→ PROBLEM:
The records below are to be copied exactly, with their pictures left out.

→ Dataset entries:
----
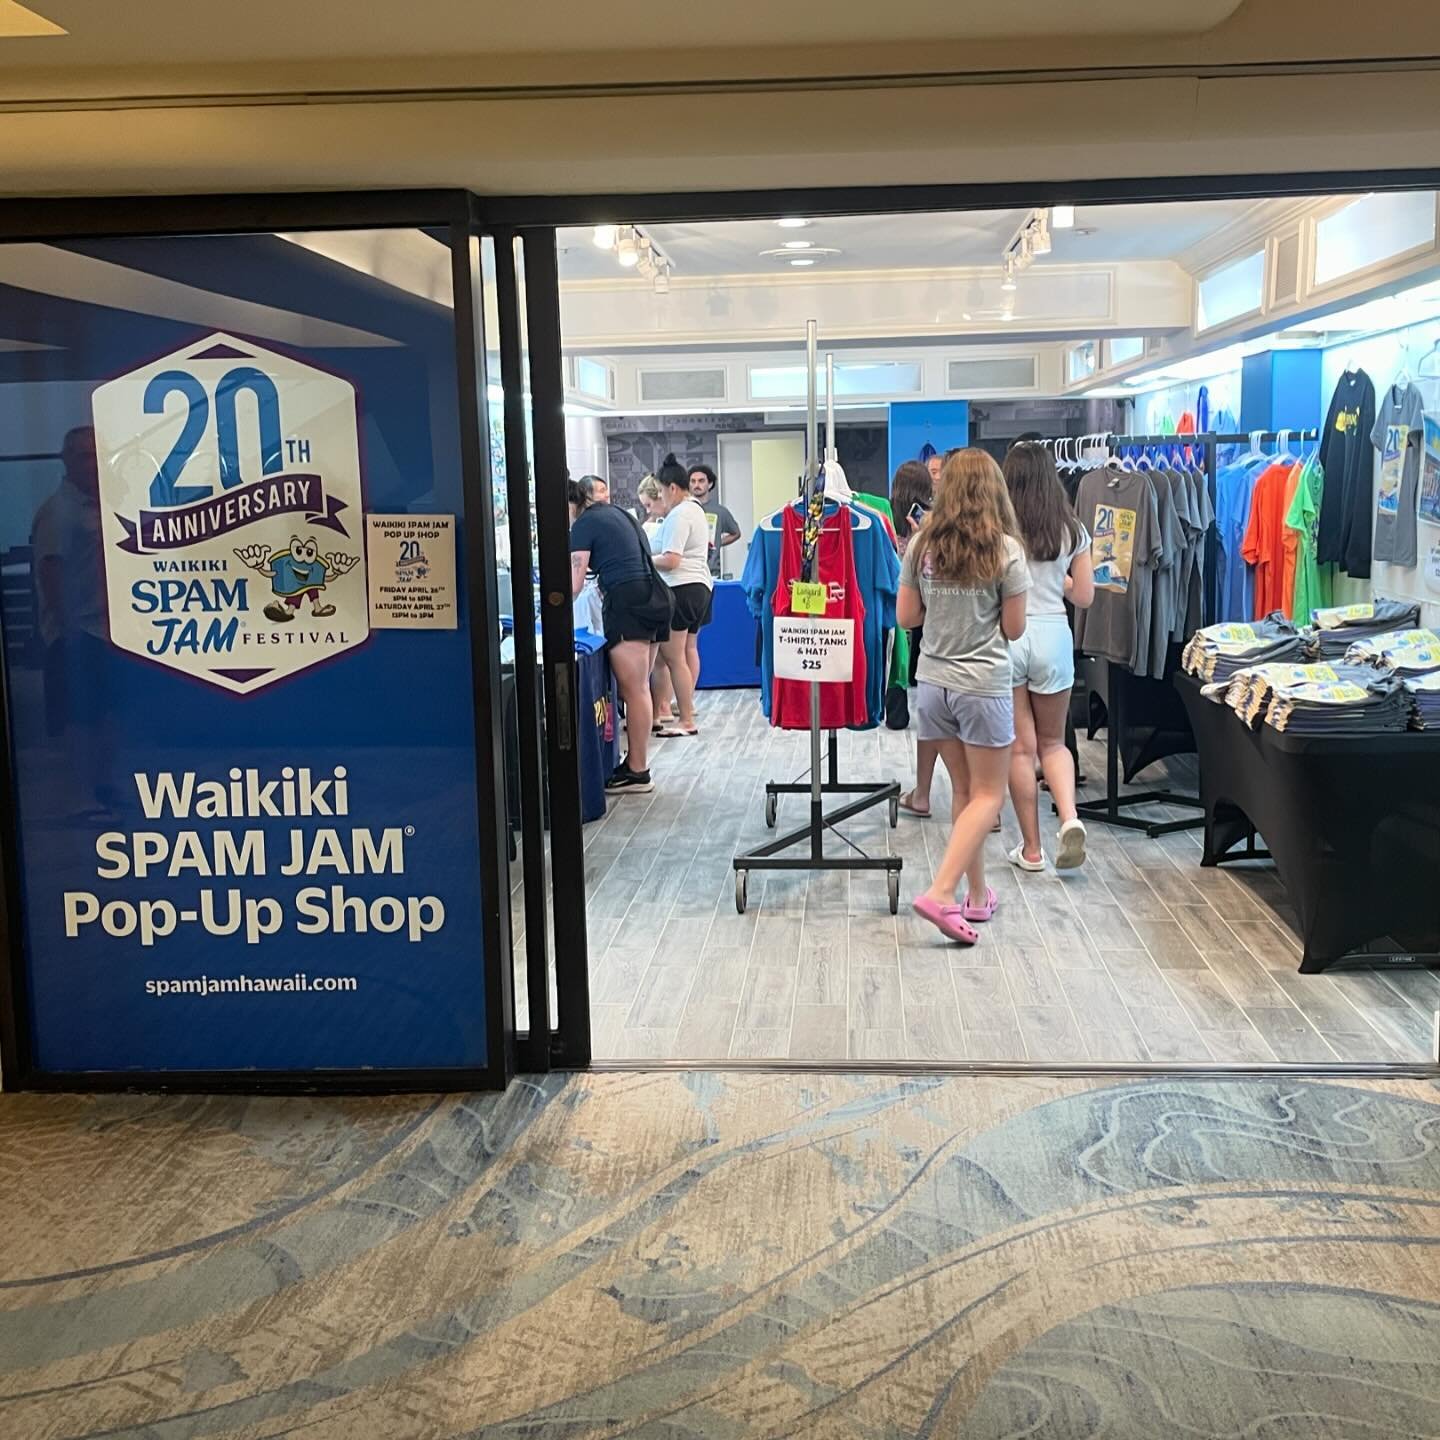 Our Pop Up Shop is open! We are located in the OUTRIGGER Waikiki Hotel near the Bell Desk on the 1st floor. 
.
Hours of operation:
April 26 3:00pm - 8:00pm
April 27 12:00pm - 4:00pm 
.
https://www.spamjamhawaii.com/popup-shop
----
→ TASK SOLUTION:
 Our Pop Up Shop is open! We are located in the OUTRIGGER Waikiki Hotel near the Bell Desk on the 1st floor. 
.
Hours of operation:
April 26 3:00pm - 8:00pm
April 27 12:00pm - 4:00pm 
.
https://www.spamjamhawaii.com/popup-shop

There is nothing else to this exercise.